The present study is part of the validation of an adaptive test that we have 
built for placement purposes in French, at the post-secondary level. 1 A prototype of 
this test, the French CAPT, is operational. The test presently includes four parts: 

1) The student reads short paragraphs (about 30 words) and answers 
a comprehension question about each paragraph. 

2) The student reads a situation (in L1) and selects, among four 
grammatically correct statements (in L2), the most appropriate one. 

3) The student fills the gap in different sentences (vocabulary and 
grammar items). 

4) The student hears semi-authentic dialogues (about 2 minutes) and 
answers 3 questions on each dialogue. 

All the questions are multiple choice and the items are stored in four different 
banks - one for each part. The items in the first three parts have been calibrated with 
a IRT three-parameter model (Birnbaum, 1968). For the first three parts, the model 
fits fairly well in spite of some departures of the unidimensioniity assumption on the 
second and third parts (Blais & Laurier, in press). However, this assumption could not 
be met with the fourth part because of dimensionality problems related to the 
clustering of items around dialogues. A testlet approach (Wainer & Kiely, 1987) has 
then been used and each dialogue has been calibrated using a two-parameter graded- 
response model (Samejima, 1978). A fifth part is under development. It will also use 
the graded-response model as students will be asked to refer to a rating scale to self- 
assess their speaking ability in different situations. 

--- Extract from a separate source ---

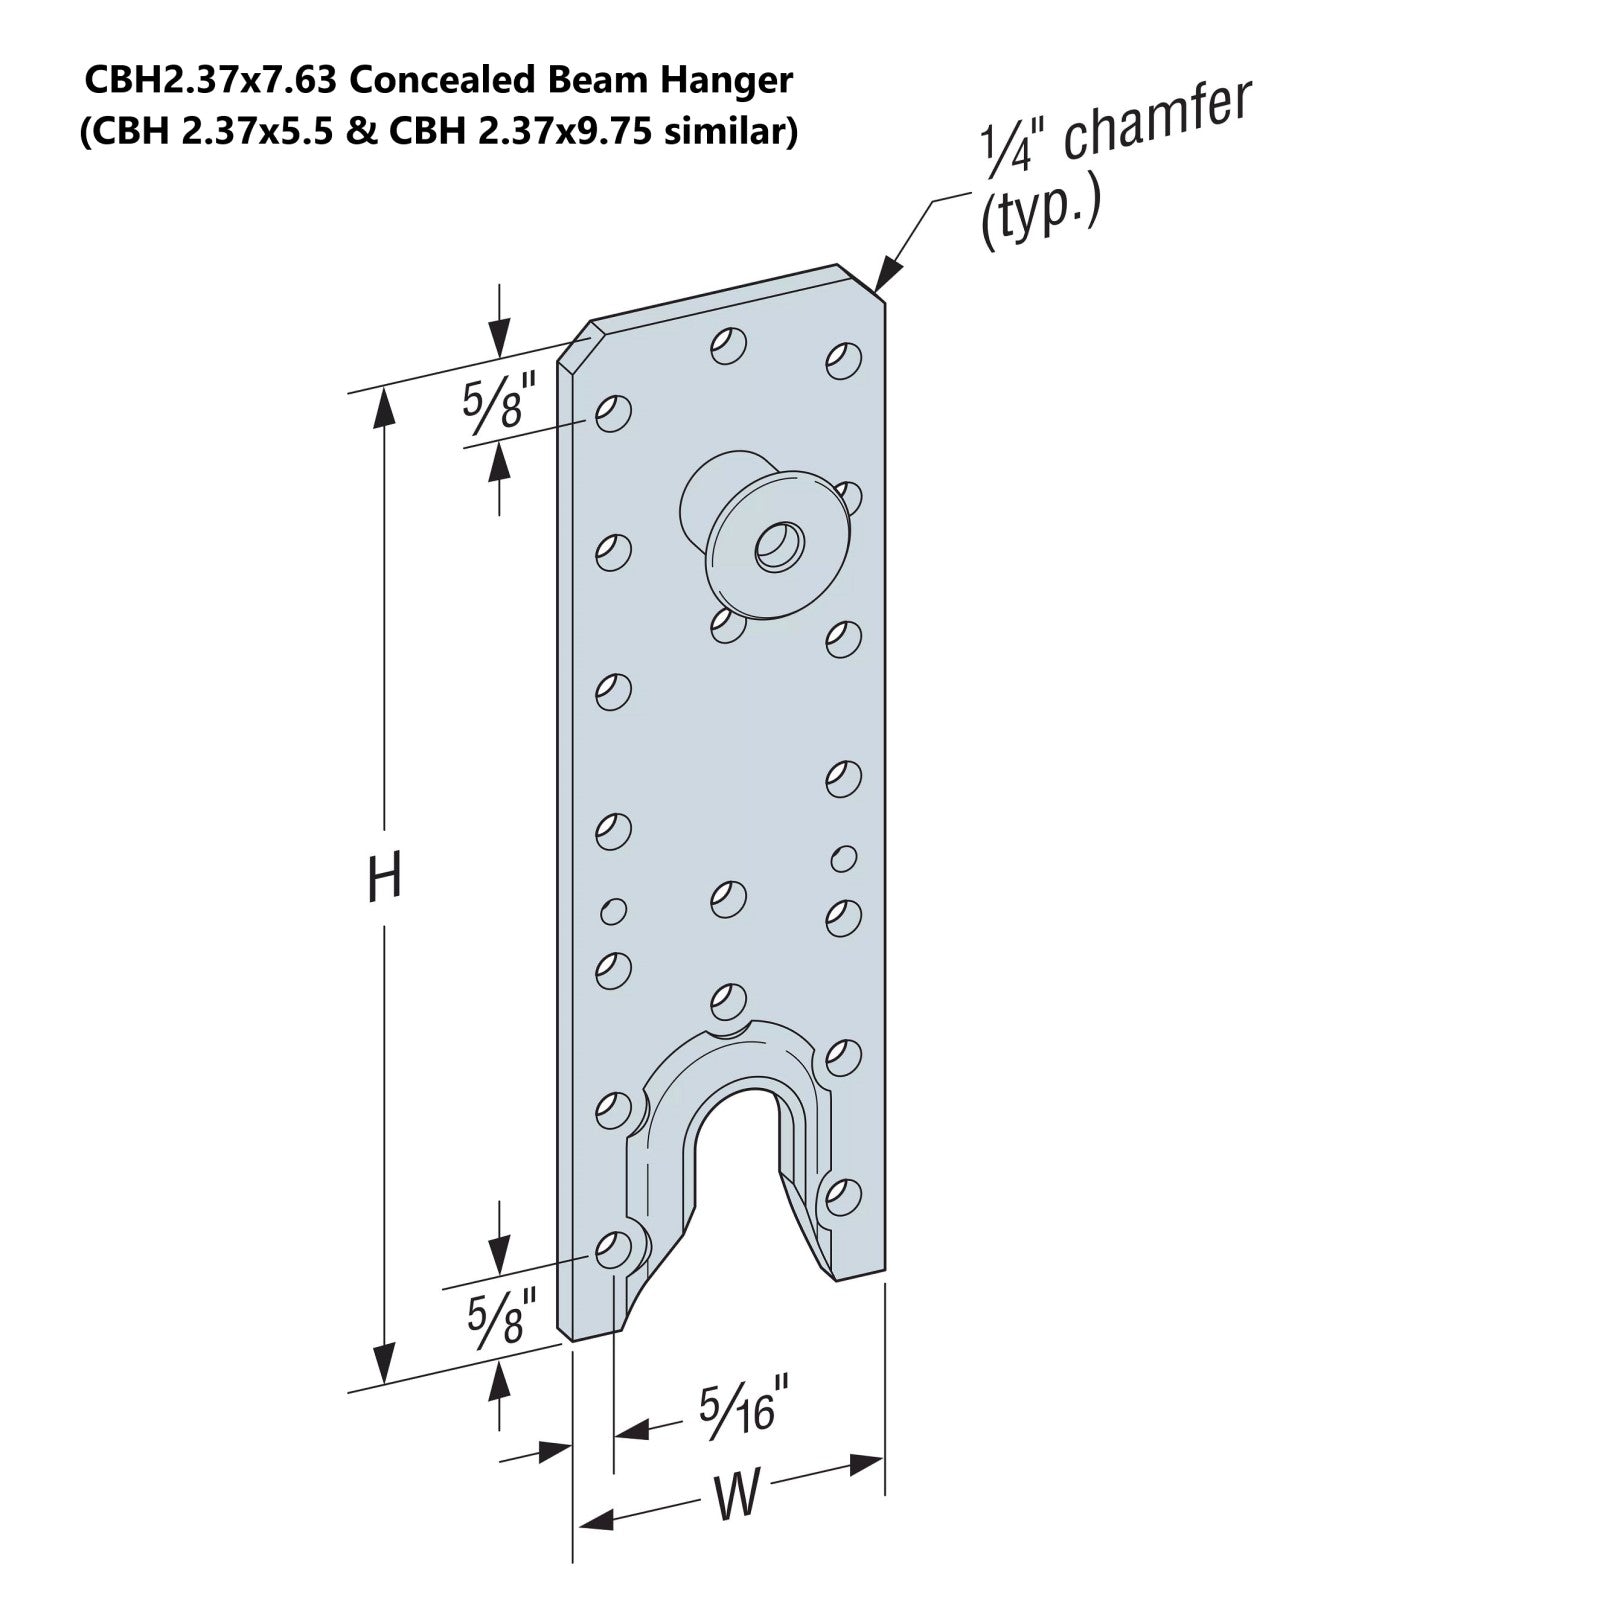 CBH2.37x7.63 Concealed Beam Hanger Illustration (CBH 2.37x5.5 & CBH 2.37x9.75 similar)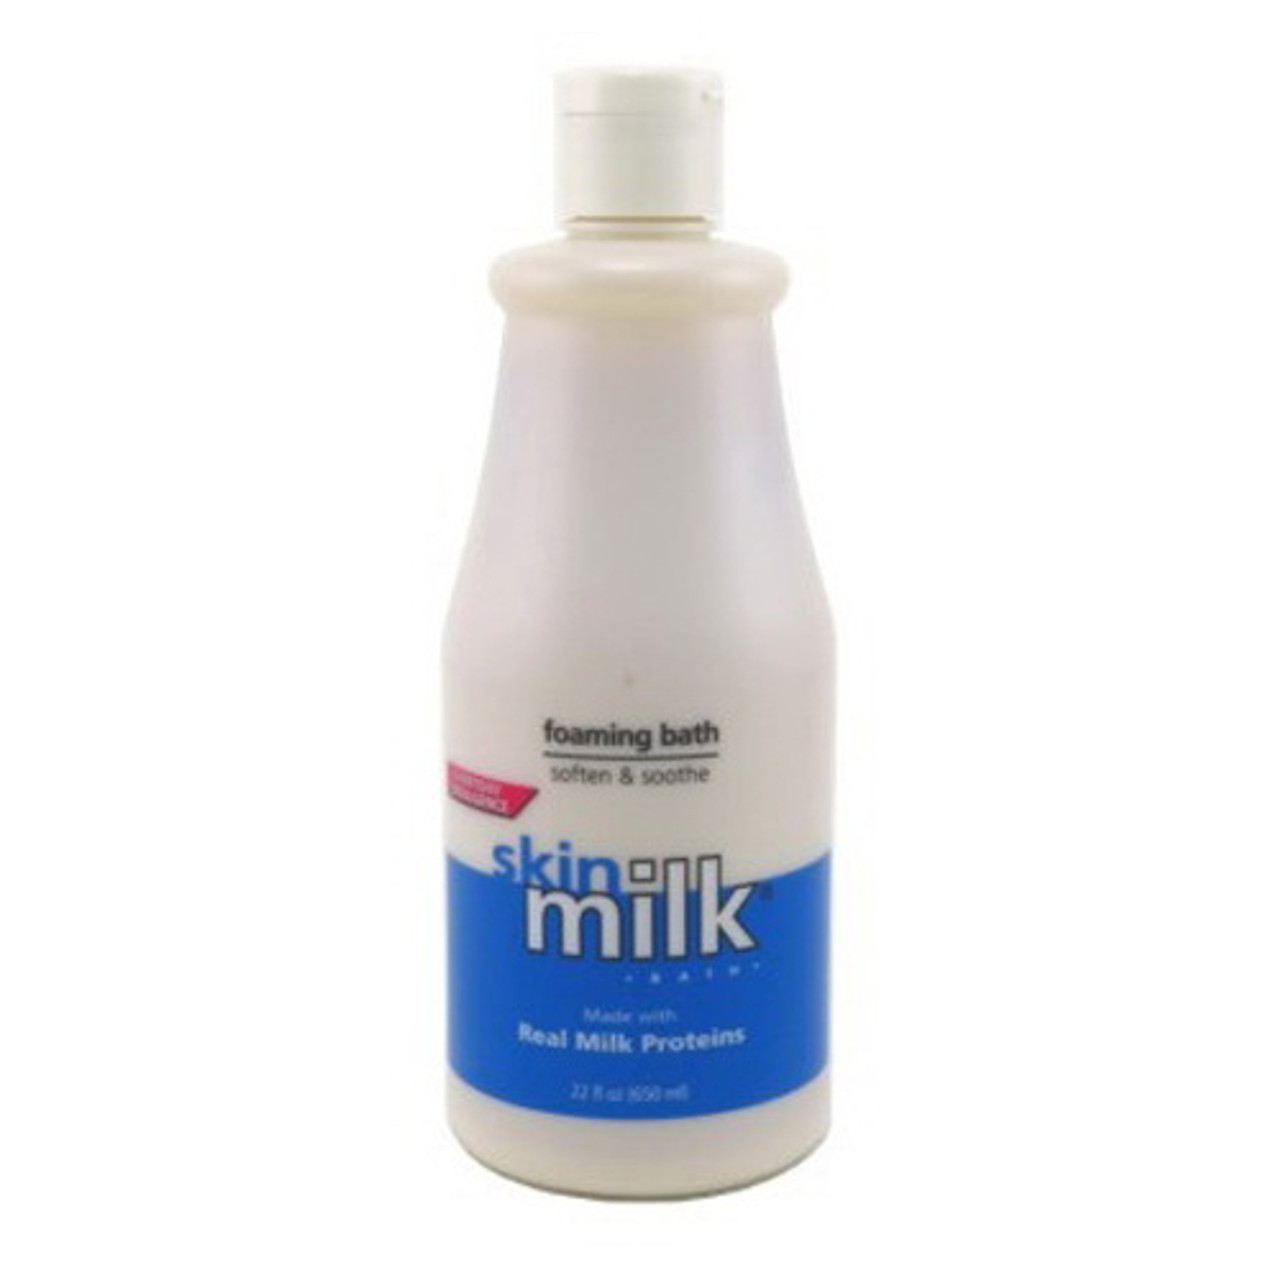 Skin Milk Foaming Bath With Real Milk Proteins 22 Oz

The administration of the French CAPT is similar to the administration of other 
computerized adaptive tests (CAT) that have been developed in second language 
(Larson & Madsen, 1985). A stradaptive algorithm has been programmed for the 
selection of the items (Vale & Weiss, 1974). The items are selected so that they are 
neither too difficult nor too easy and the ability estimation is revised after each 
answer. The procedure goes on until the error of measurement is acceptable or the 
maximum number of items is reached. As a result, the French CAPT is shorter than 
a conventional test. Prior information from student's background or from the 
preceding parts is used to select the first item at the beginning of each part. Because 
of the grouping of the items on the basis of the task type, the results are reported as 
a profile and as a general proficiency level with respect of 14 possible levels ranging 
from Absolute Beginner to Very Advanced + . 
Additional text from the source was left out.